Supplied material

※ ※ ※

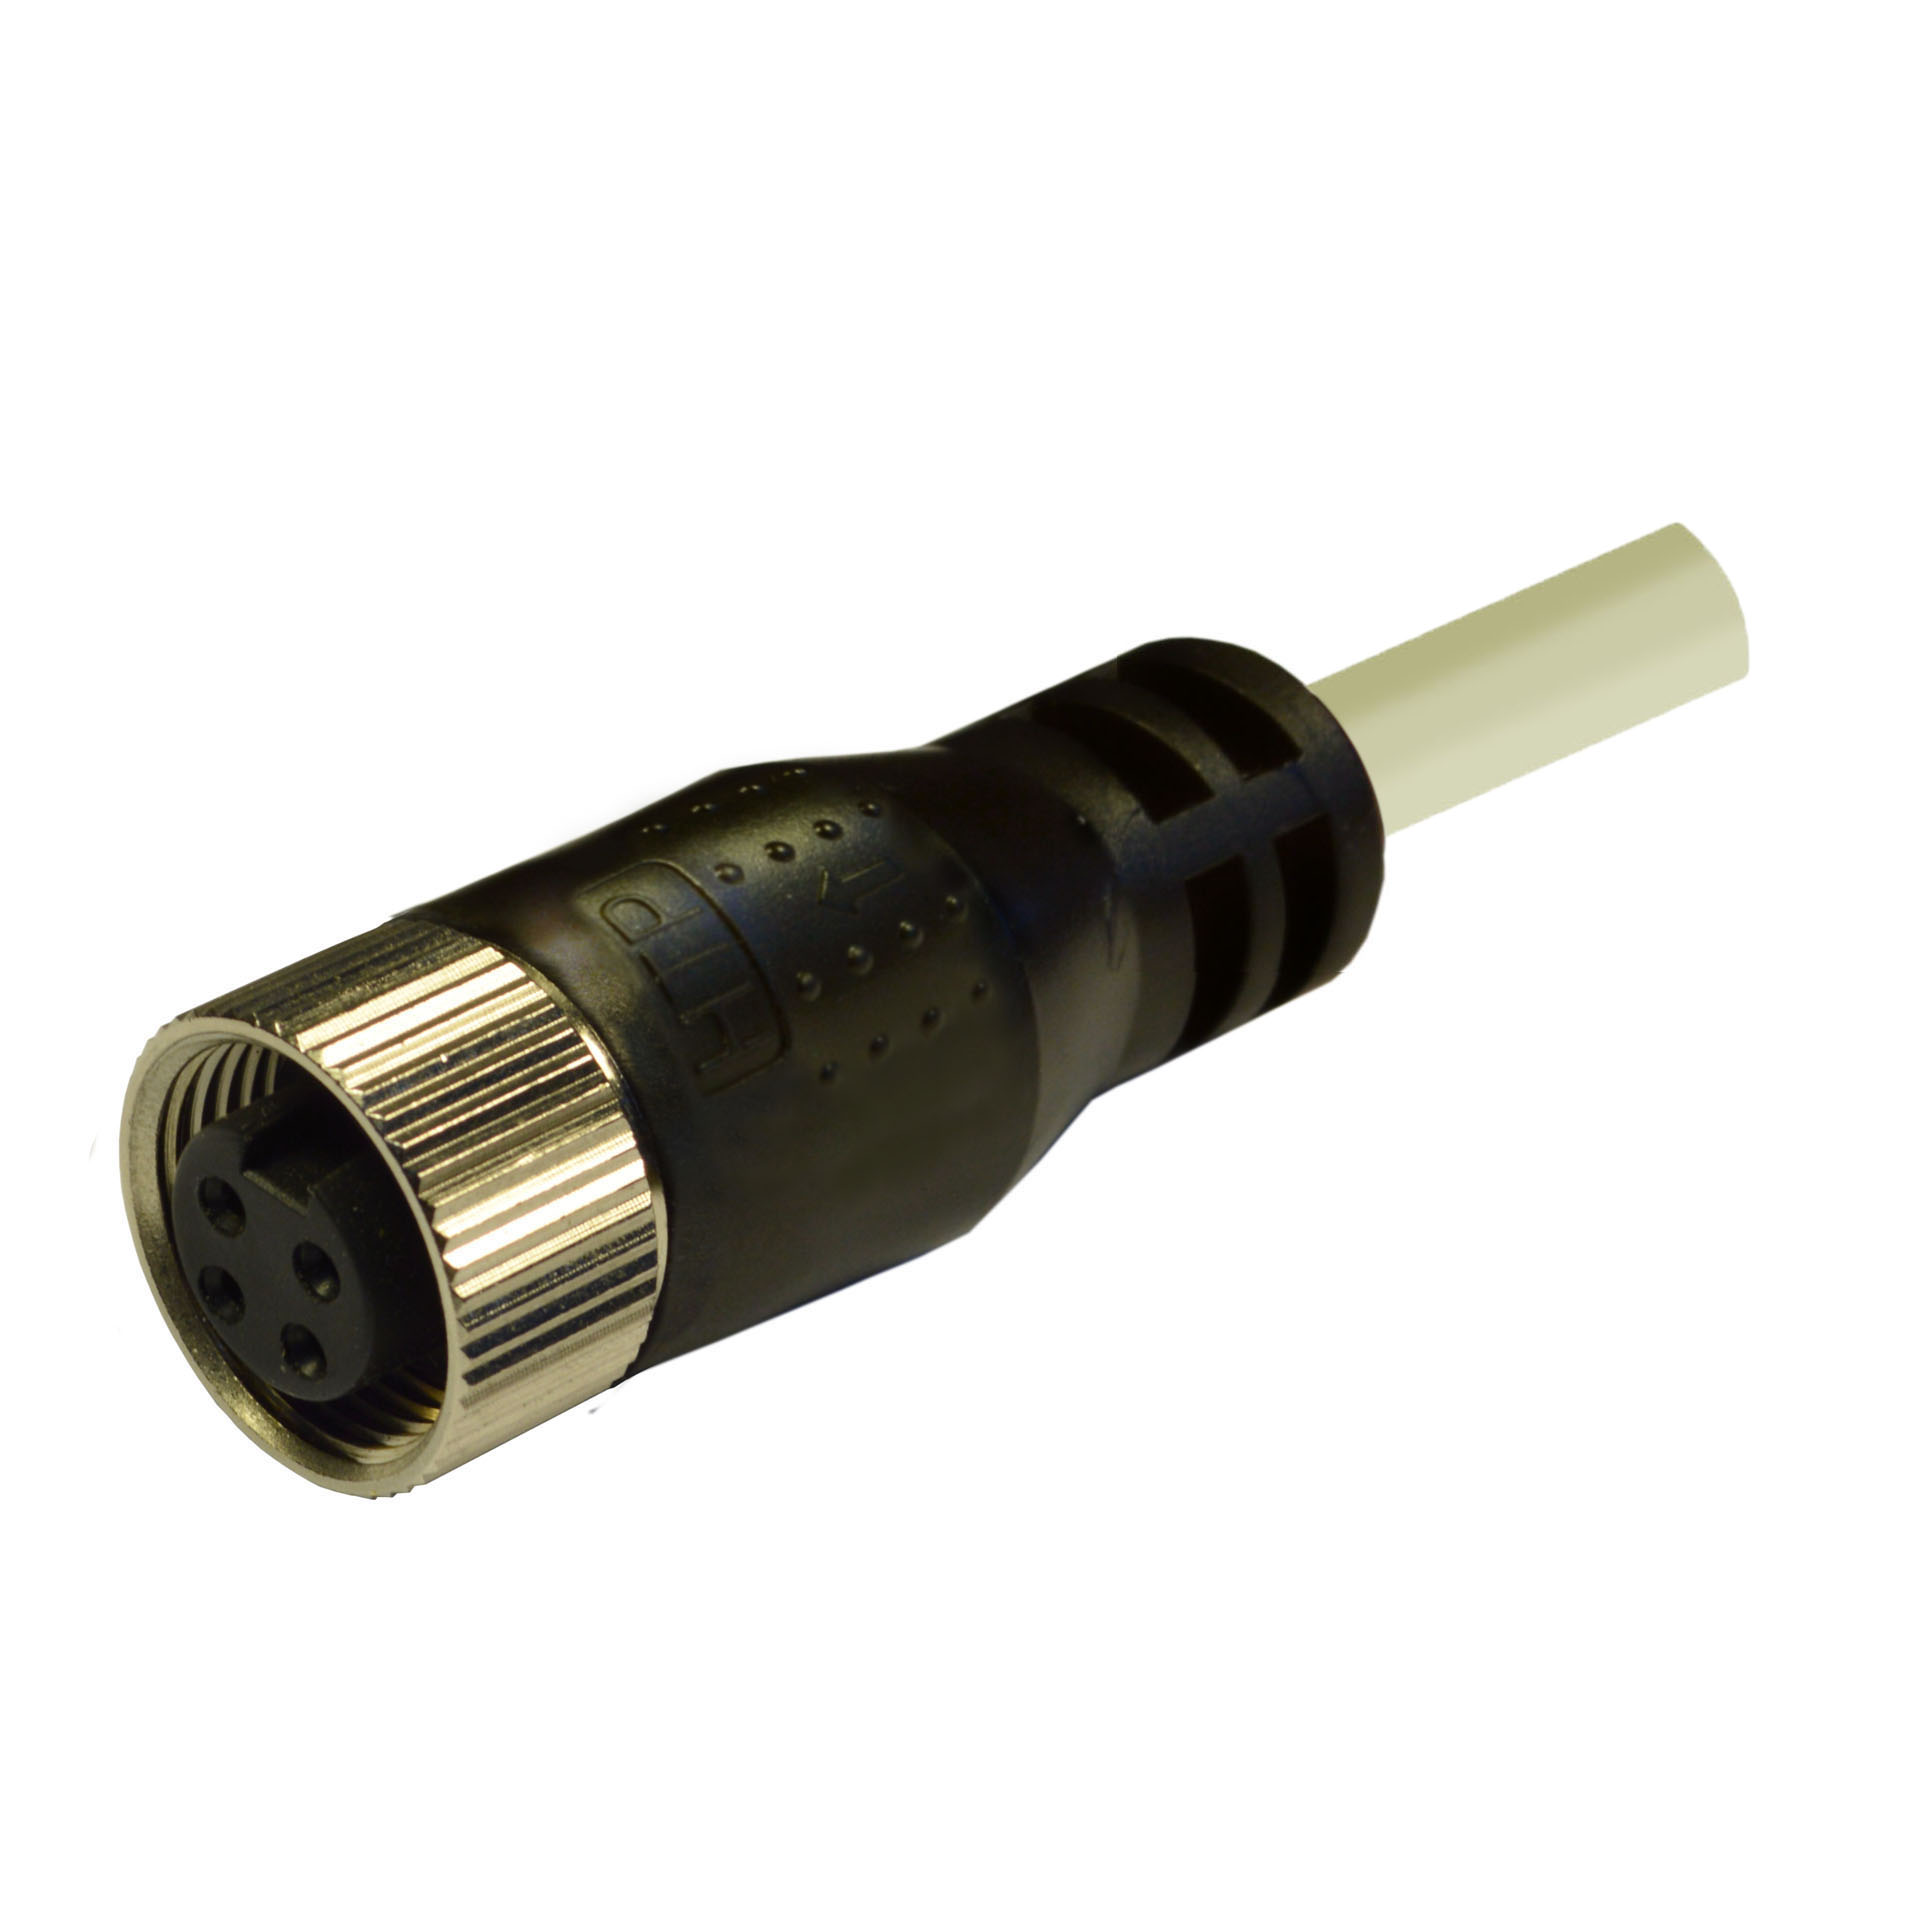 7/8 connector, female, 180°, with 4m of cable 4x2,5 shielded, colour grey
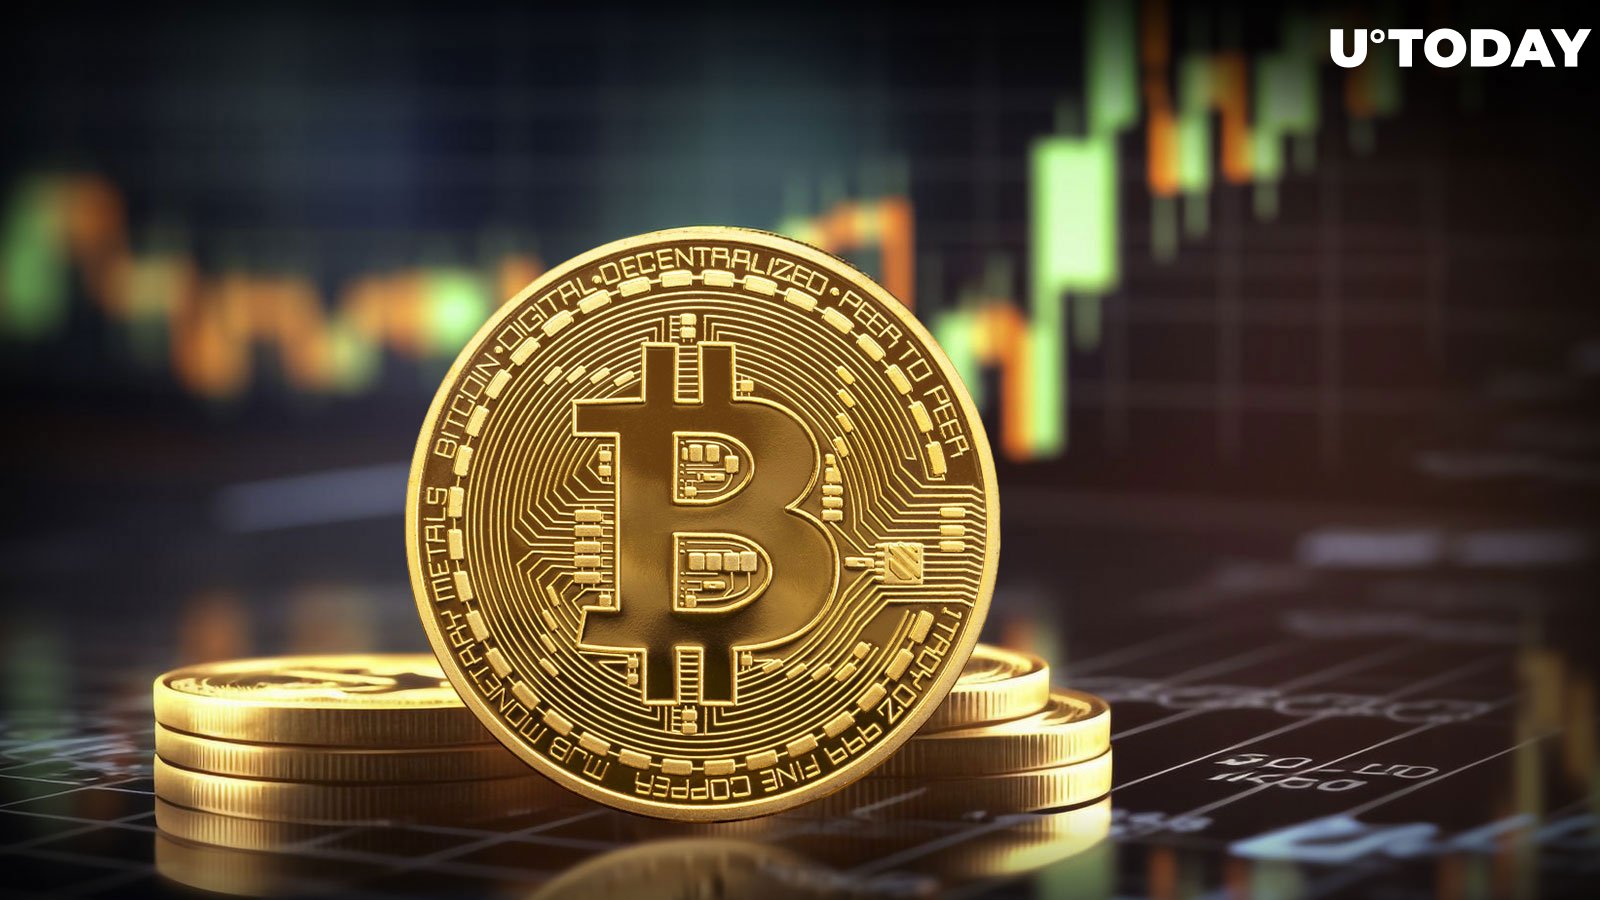 Bitcoin (BTC) Shows Signs of Breakout, Says Top Analyst
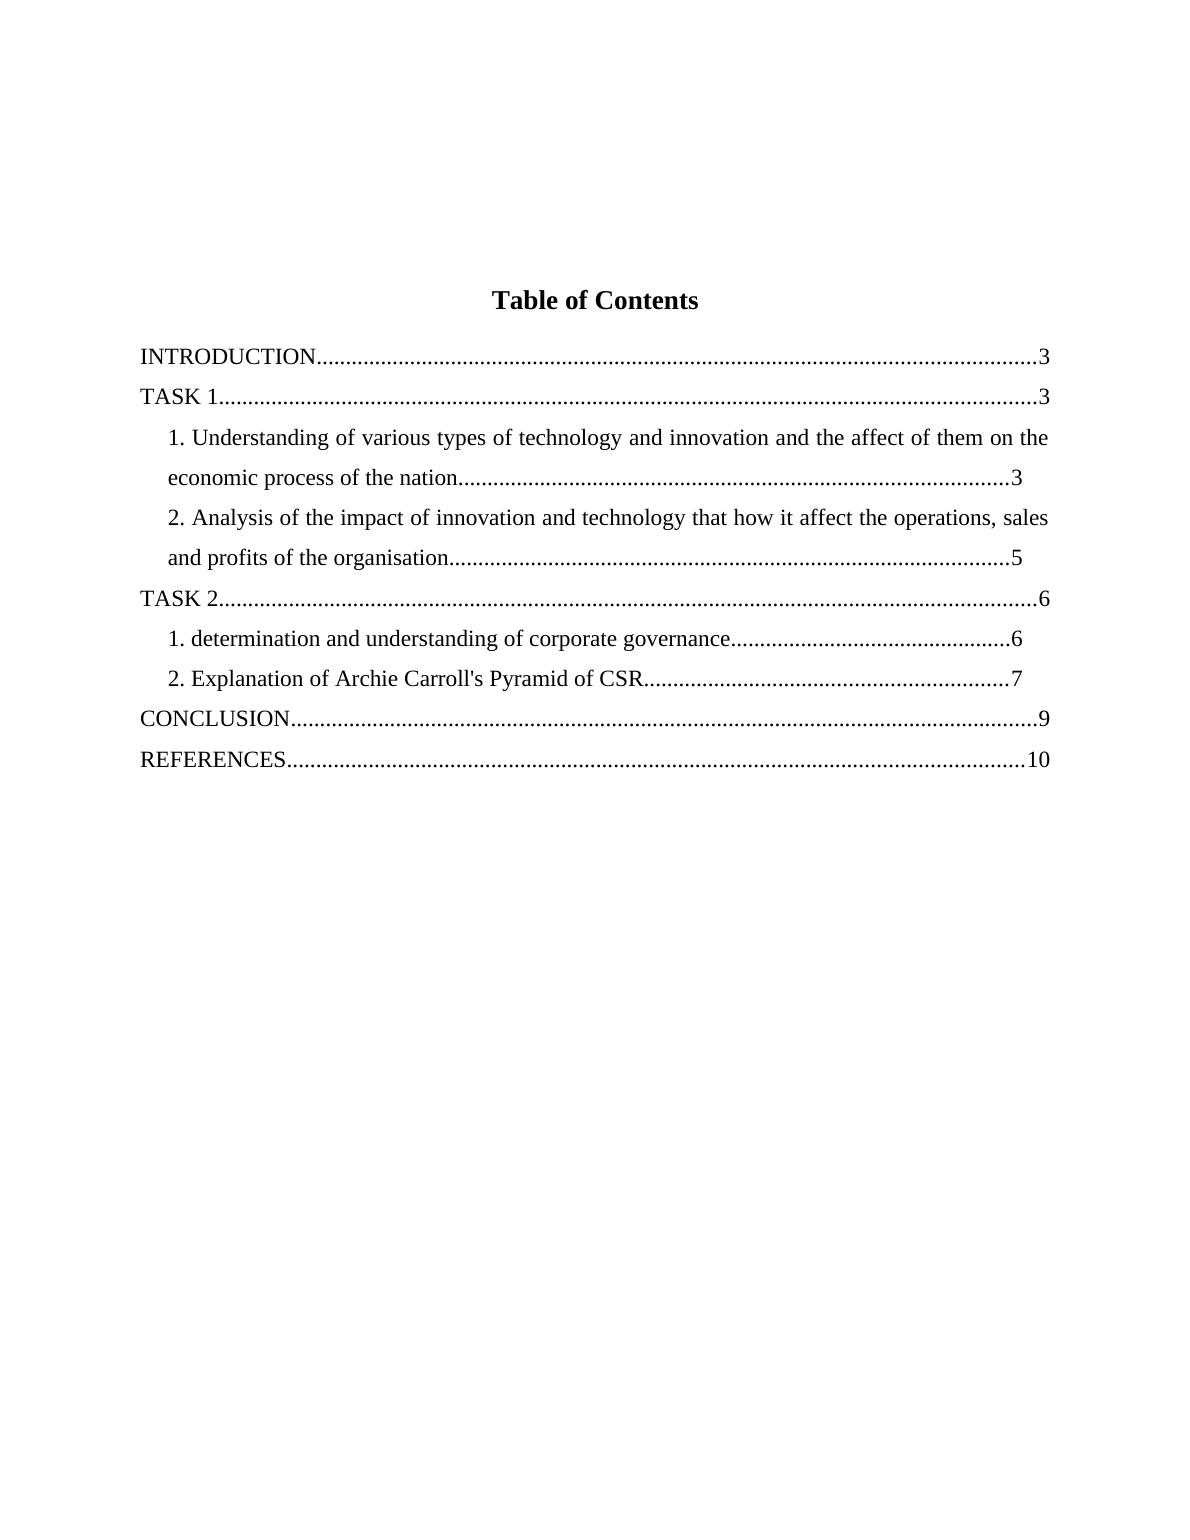 Corporate Governance and Corporate Social Responsibility : Assignment_2

※ ※ ※

What to produce
Your answer must be the full listing, copied exactly, with no pictures in it.

Reply to the task
 7/8 connector, female, 180°, with 4m of cable 4x2,5 shielded, colour grey
 Bitcoin (BTC) Shows Signs of Breakout, Says Top Analyst
 Corporate Governance and Corporate Social Responsibility : Assignment_2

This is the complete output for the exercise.